A few clarifications about my rant on Swahili identity

Following my rather rant-y post about Swahili identity the other day I got a couple of interesting criticisms that I think are worth posting. They have to do with my description of English and my writing style in talking about imperialism. Both the messages below are from friends whose opinions I respect a lot.

English: a madmans mansion

English: a madman's mansion

English as a crappy, mongrel language of imperialism

[W]hile you make a good point of the imperialism of the English language, I am careful not to disparage any tongue, even those that seem “crappy” and “mongrel.” Actually, what makes English interesting, I think, is its versatility, which probably emanates from its mongrel nature. Southern English, Scottish, Kiwi English, Ghanaian English, Black Urban English, Jamaican English, Black South African English, each have distinct rhythms, far afield from the cruder dialects heard in Liverpool, The east End of London, and parts of the US. The many forms a language takes as it migrates far from its “home” speak to the diversity of human experience, worldview, and glottal variation. It’s not the language’s fault-. New Zealand is a cool place (except that they allowed the Springboks to tour in 1981–until citizen protests stopped it). And Ireland hasn’t invaded anybody in a while. Well…….
– Email to the LGD

This is a great paragraph that I wholeheartedly agree with. I guess I meant my disparaging of English as a self-effacing joke — a stab at those who almost subconsciously promote the language as if it is superior to others, when, for instance, they blame underdevelopment on speaking Swahili. That’s not the language’s fault.

The fact is, I love English, precisely because of its openness and roguish character. It’s an anarchical language, a beautiful Frankenstein with no allegiances. If classical Arabic and German and Russian (I do not speak the latter two, just sayin’) are vast, immaculate and symmetrical mansions, whose entrances have well-defended drawbridges, then English is a castle built by a madman, a Winchester Mystery House with people climbing in and out of the windows at all times of the day and night.

(Cool. I’ve been wanting to write that paragraph for a while.)

Anyway, it’s that character of English that lets us have Faulkner and Joyce. And maybe all languages are like that to some degree — they certainly are all fluid and changing — but being the language of an empire makes English particularly unstable.

The crappy/mongrel part is really about the political context in which English might be foisted on people, either as a part of explicit policy (Ireland) or because of power dynamics (possibly Tanzania).
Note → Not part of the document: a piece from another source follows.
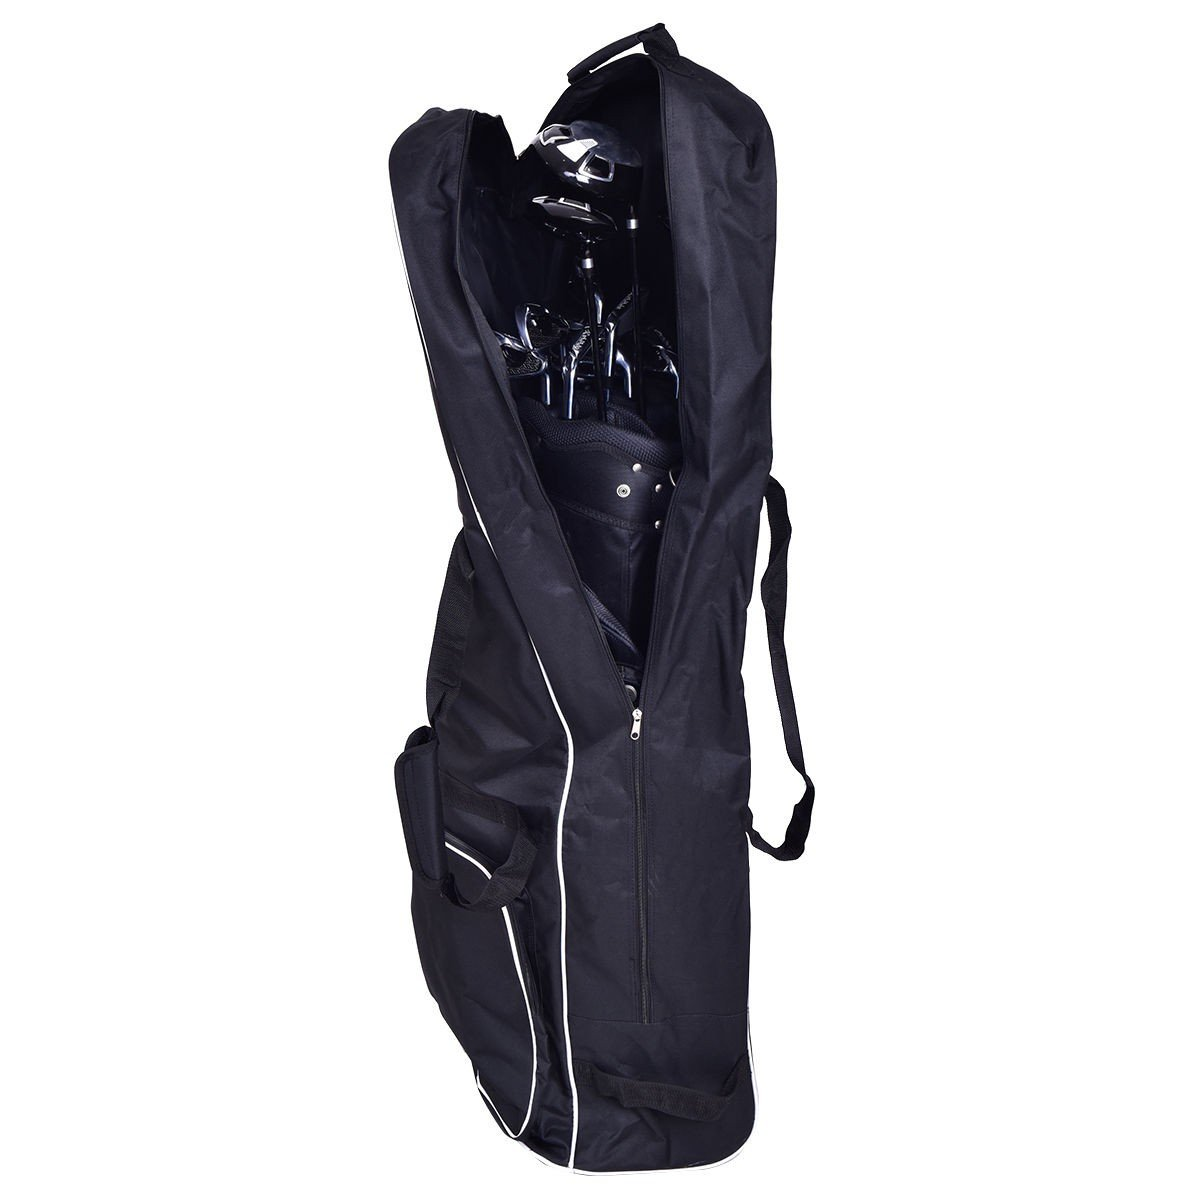 CHOOSEandBUY Black Foldable Golf Bag Travel Cover with Wheel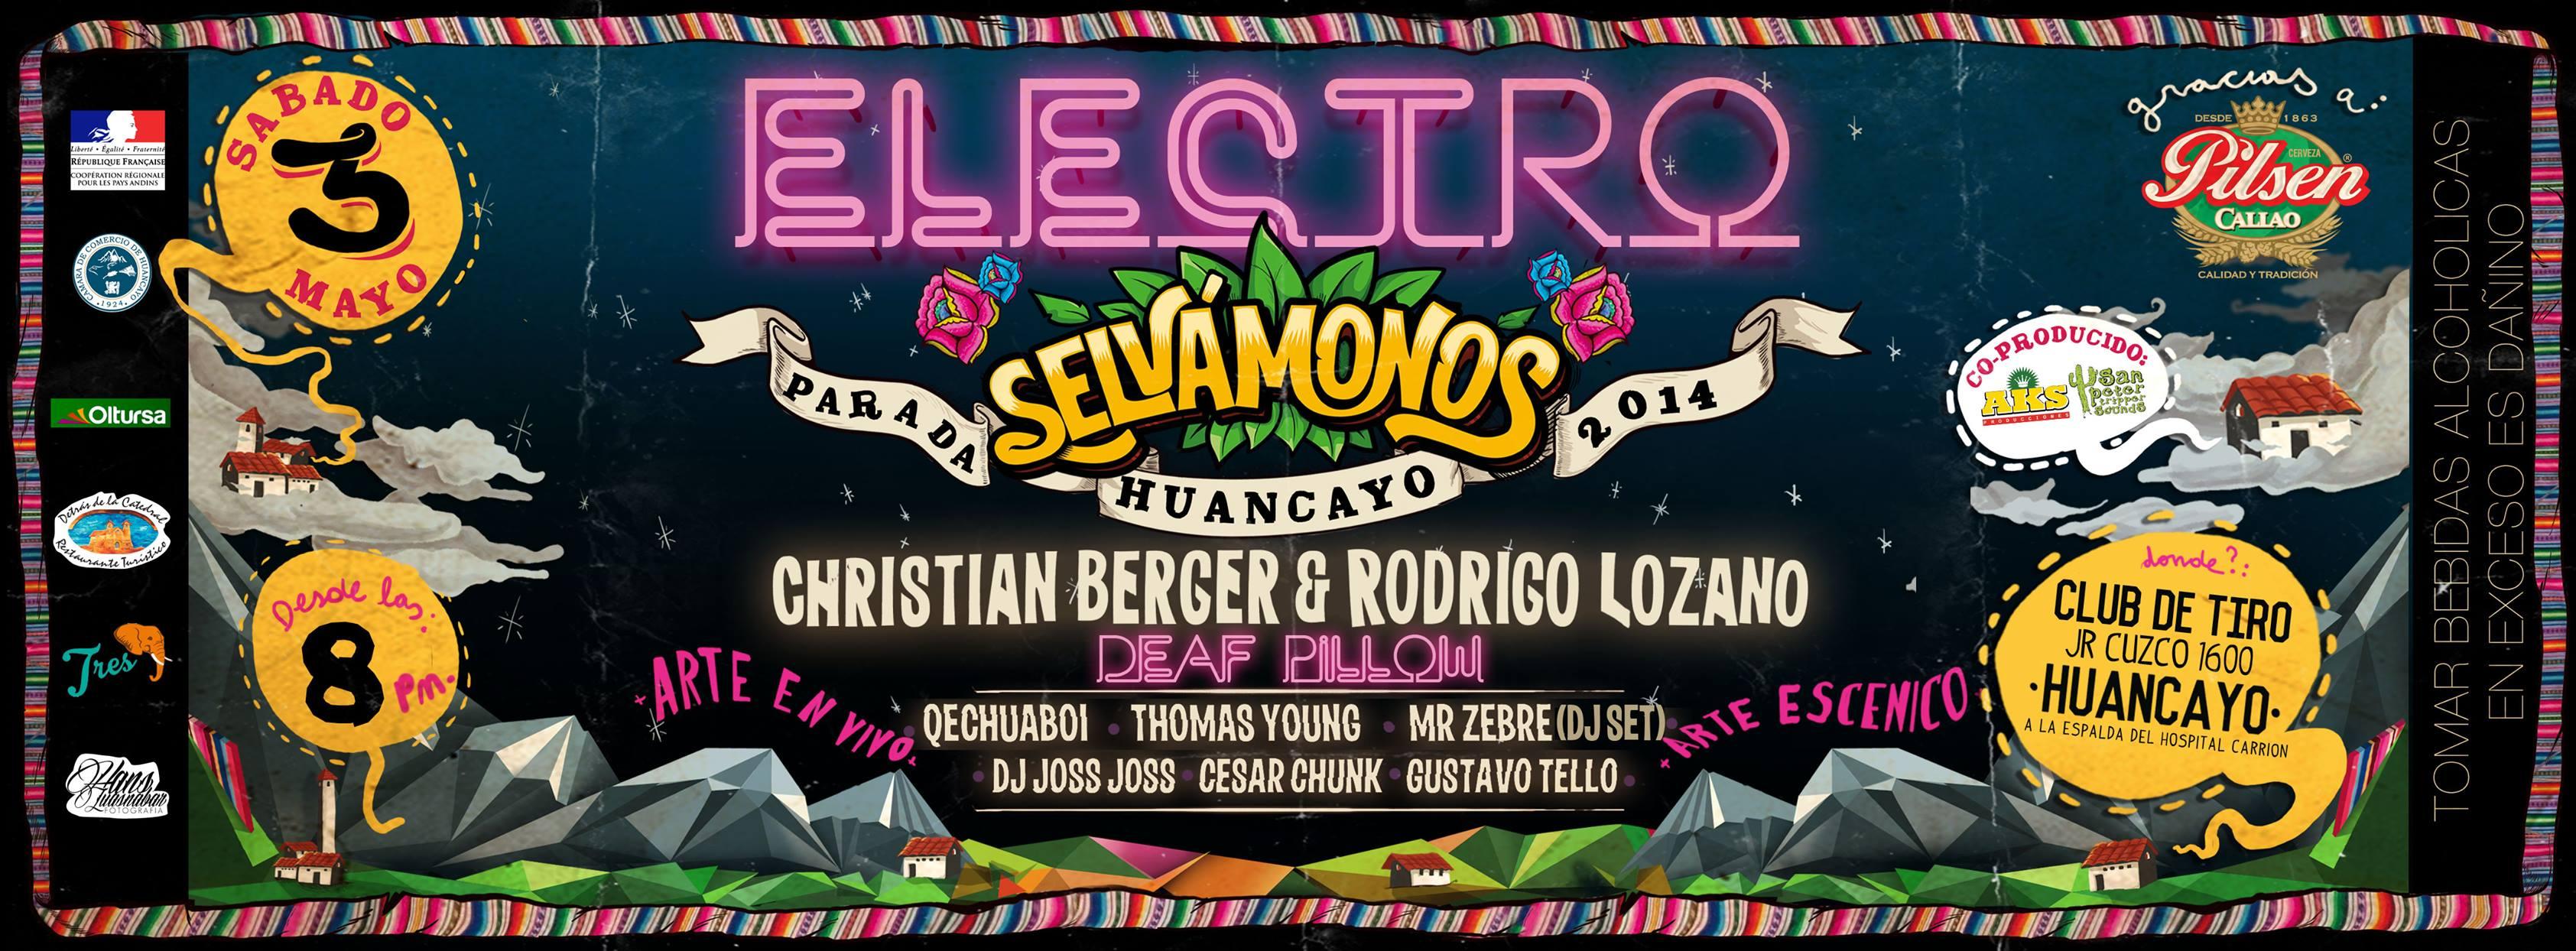 ELECTRO HUANCAYO

The scold-y, stridently liberal didacticism tone

I liked [the post] and found the argument interesting and well put. I see your Berkley-ism strongly coloring the way you make points like this one: “It may be (let me rephrase: it is) completely unfair and the result of a history of imperialism and exploitation…” Sentences like that give me pause as a reader, because they sound overly apologetic and evoke of a certain kind of strident liberal didacticism. I think there are ways to express the same thought and idea without sounding like you’re sorry and somehow personally apologizing for the course of history. I think it’s “unfair” that’s problematic — everything’s unfair and the product of exploitation. Consider some alternative way of phrasing the argument, like “Random chance and imperial history have made English the world’s lingua franca of power and not, say, Dutch or Chinese. Any savvy modernizing nation benefits when its workforce learns English; nations on the global economy’s periphery can maneuver to benefit from that global order even while decrying its unfairness and criticizing its moral hypocrisies.” A similar fuzziness comes through at the end, when you write, somewhat in the manner of a scold, that foreigners shouldn’t tell Tanzanians what to do, and then proceed to declare what they should do: teach English, but of their own accord, not because someone like you told them to!
– Email to the LGD from former prof

The proposed rewrite would indeed be much better. Being a kneejerk, over-simplifying anti-imperialist is almost as tiresome and irritating as being a kneejerk, oversimplifying imperialist. In terms of the use of “should,” I guess what I should have said is that should Tanzania choose to focus on English, it should have the option to do so on its own terms when it chooses to, not because someone else tells the country it should.

Seriously, though, the scoldiness in the tone really comes from my exasperation with the readiness to use “culture” as a stand-in or replacement for where the word “race” would have been used in times when genetic determinism was an accepted theory. Blaming poverty on culture is as unedifying as blaming it on race; further, both spring from the same perspective of assumed superiority.

Anyway, thanks for the comments, everyone.